Now let's imagine what would happen if we agent were in the state 5.  Look at the sixth row of the reward matrix R (i.e. State 5). It has 3 possible actions:go to state 1, 4 or 5.

Q (state, action) = R (State, action) + Gamma * Max[Q (next state, all actions)]

Q (1, 5) = R (1, 5) + 0.8 * Max[Q (5, 1), Q (5, 4), Q (5, 5)] = 100 + 0.8 * 0 = 100

Since Matrix Q is still initialized to zero, Q (5, 1), Q (5, 4), Q (5, 5), was all zero. The result of this computation for Q (1, 5) is a because of the instant reward from R (5, 1).

The next state, 5, now becomes the current state.  Because 5 is the goal state, we ' ve finished one episode. Our agents ' s brain now contains an updated matrix Q as:

For the next episode, we start with a randomly chosen initial state. This time and we have the state 3 as our initial state.

Look at the fourth row of Matrix R;  It has 3 possible actions:go to state 1, 2 or 4. By the random selection, we select to go to the state 1 as our action.

Now we imagine the that we is in the State 1.  Look at the second row of reward matrix R (i.e. State 1).  It has 2 possible actions:go to state 3 or State 5. Then, we compute the Q value:

Q (state, action) = R (State, action) + Gamma * Max[Q (next state, all actions)]

Q (1, 5) = R (1, 5) + 0.8 * Max[q (1, 2), Q (1, 5)] = 0 + 0.8 * MAX (0, 100) = 80

We use the updated matrix Q from the last episode.  Q (1, 3) = 0 and Q (1, 5) = 100.  The result of the computation is Q (3, 1) = Because the reward is zero. The Matrix Q becomes:

The next state, 1, now becomes the current state. We repeat the inner loop of the Q learning algorithm because State 1 are not the same as the goal state.

So, starting the new loop with the current state 1, there is both possible actions:go to state 3, or go to state 5. By lucky Draw, we action selected is 5.

Now, the imaging we ' re in the State 5, there is three possible actions:go to the State 1, 4 or 5. We compute the Q value using the maximum value of these possible actions.

Q (state, action) = R (State, action) + Gamma * Max[Q (next state, all actions)]

Q (1, 5) = R (1, 5) + 0.8 * Max[Q (5, 1), Q (5, 4), Q (5, 5)] = 100 + 0.8 * 0 = 100

The updated entries of matrix Q, Q (5, 1), Q (5, 4), Q (5, 5), is all zero.  The result of this computation for Q (1, 5) is a because of the instant reward from R (5, 1). This result does the Q matrix.
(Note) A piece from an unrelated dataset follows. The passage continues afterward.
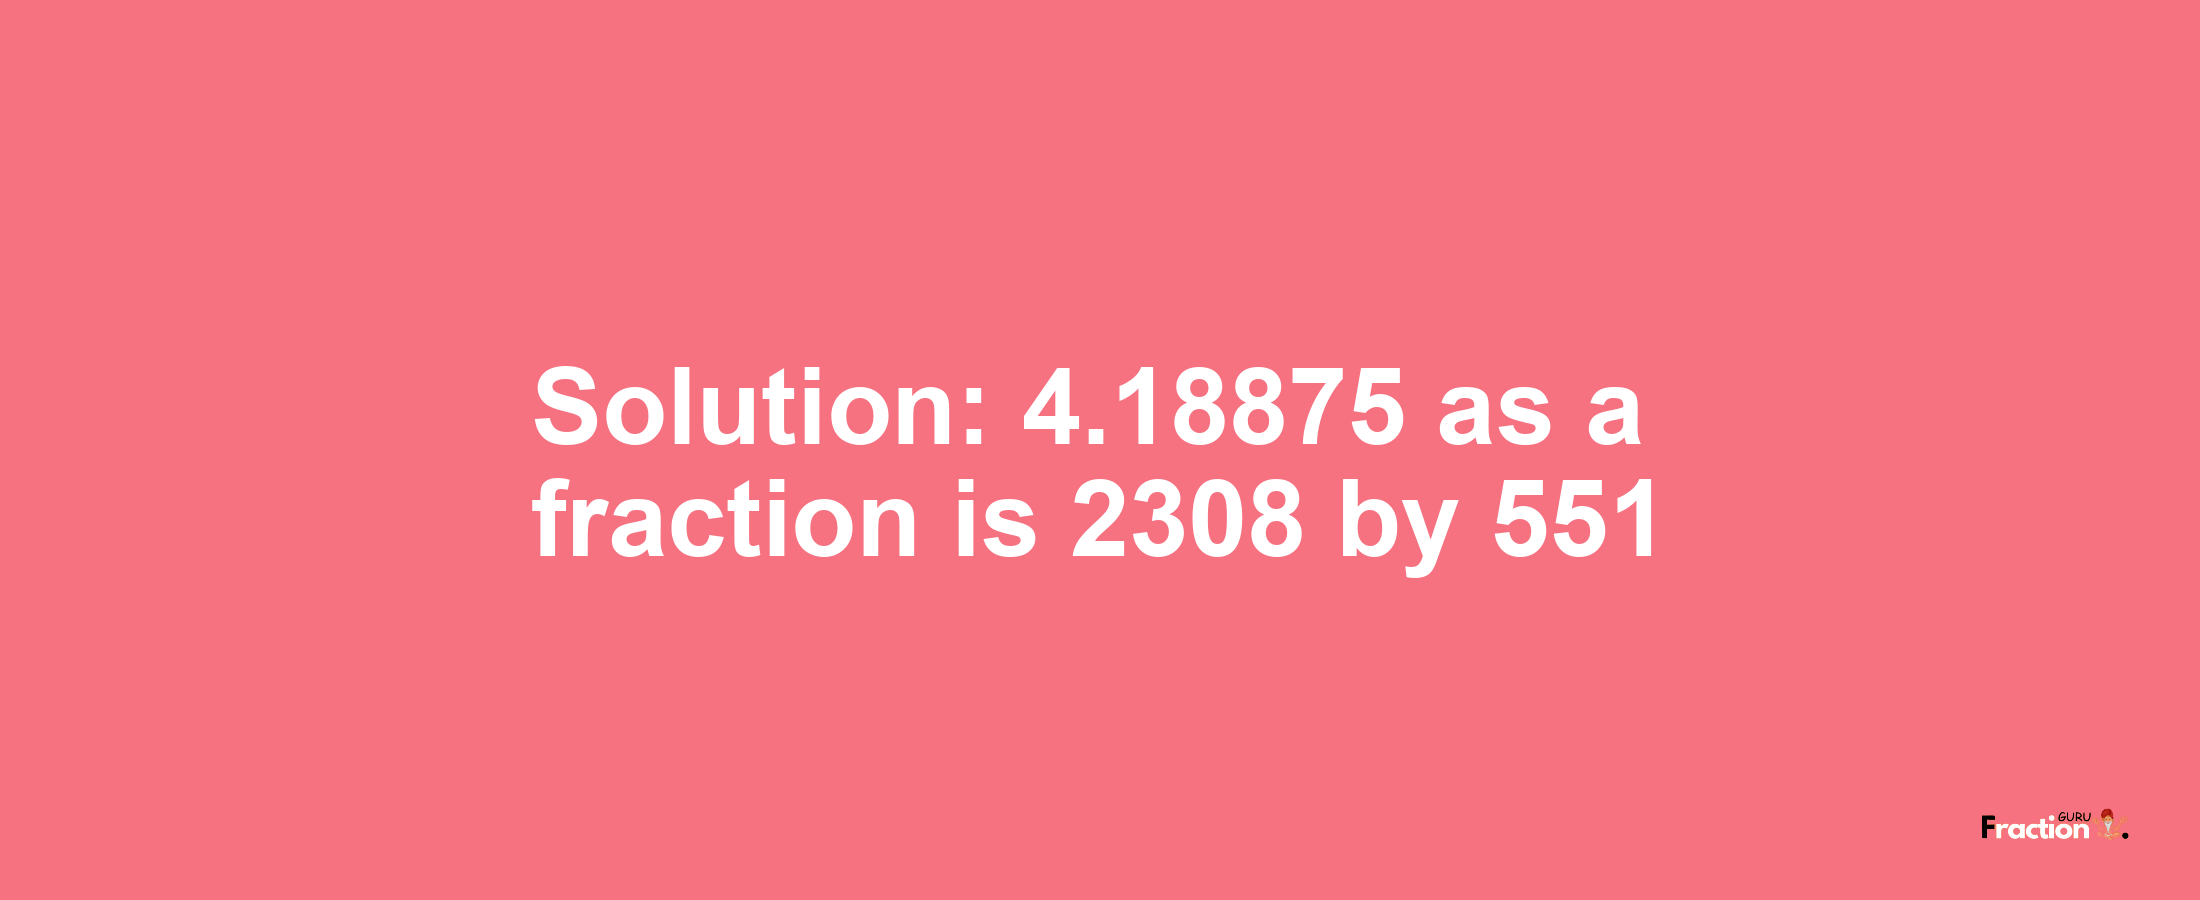 Solution:4.18875 as a fraction is 2308/551

Because 5 is the goal state and we finish this episode. Our agents ' s brain now contain updated matrix Q as:

If our agents learns more through further episodes, it'll finally reach convergence values in matrix Q like:

This matrix Q, can and be normalized (i.e.; converted to percentage) by dividing all Non-zero entries by the highest numb ER (the case):

Once The matrix Q gets close enough to a state of convergence and we know our agents have learned the most optimal paths to the  Goal state. Tracing the best sequences of States are as simple as following the links with the highest values at each state.

For example, from initial state 2, the agent can use the matrix Q as a guide:

From state 2 The maximum Q values suggests the action to go to state 3.

From state 3 The maximum Q values suggest and Alternatives:go to state 1 or 4. Suppose we arbitrarily choose to go to 1.

From state 1 The maximum Q values suggests the action to go to state 5.

Thus the sequence is 2-3-1-5.

q-learning Algorithm Learning-1

Contact Us

The content source of this page is from Internet, which doesn't represent Alibaba Cloud's opinion; products and services mentioned on that page don't have any relationship with Alibaba Cloud. If the content of the page makes you feel confusing, please write us an email, we will handle the problem within 5 days after receiving your email.

If you find any instances of plagiarism from the community, please send an email to: info-contact@alibabacloud.com and provide relevant evidence. A staff member will contact you within 5 working days.

A Free Trial That Lets You Build Big!

Start building with 50+ products and up to 12 months usage for Elastic Compute Service

  • Sales Support

    1 on 1 presale consultation

  • After-Sales Support

    24/7 Technical Support 6 Free Tickets per Quarter Faster Response

  • Alibaba Cloud offers highly flexible support services tailored to meet your exact needs.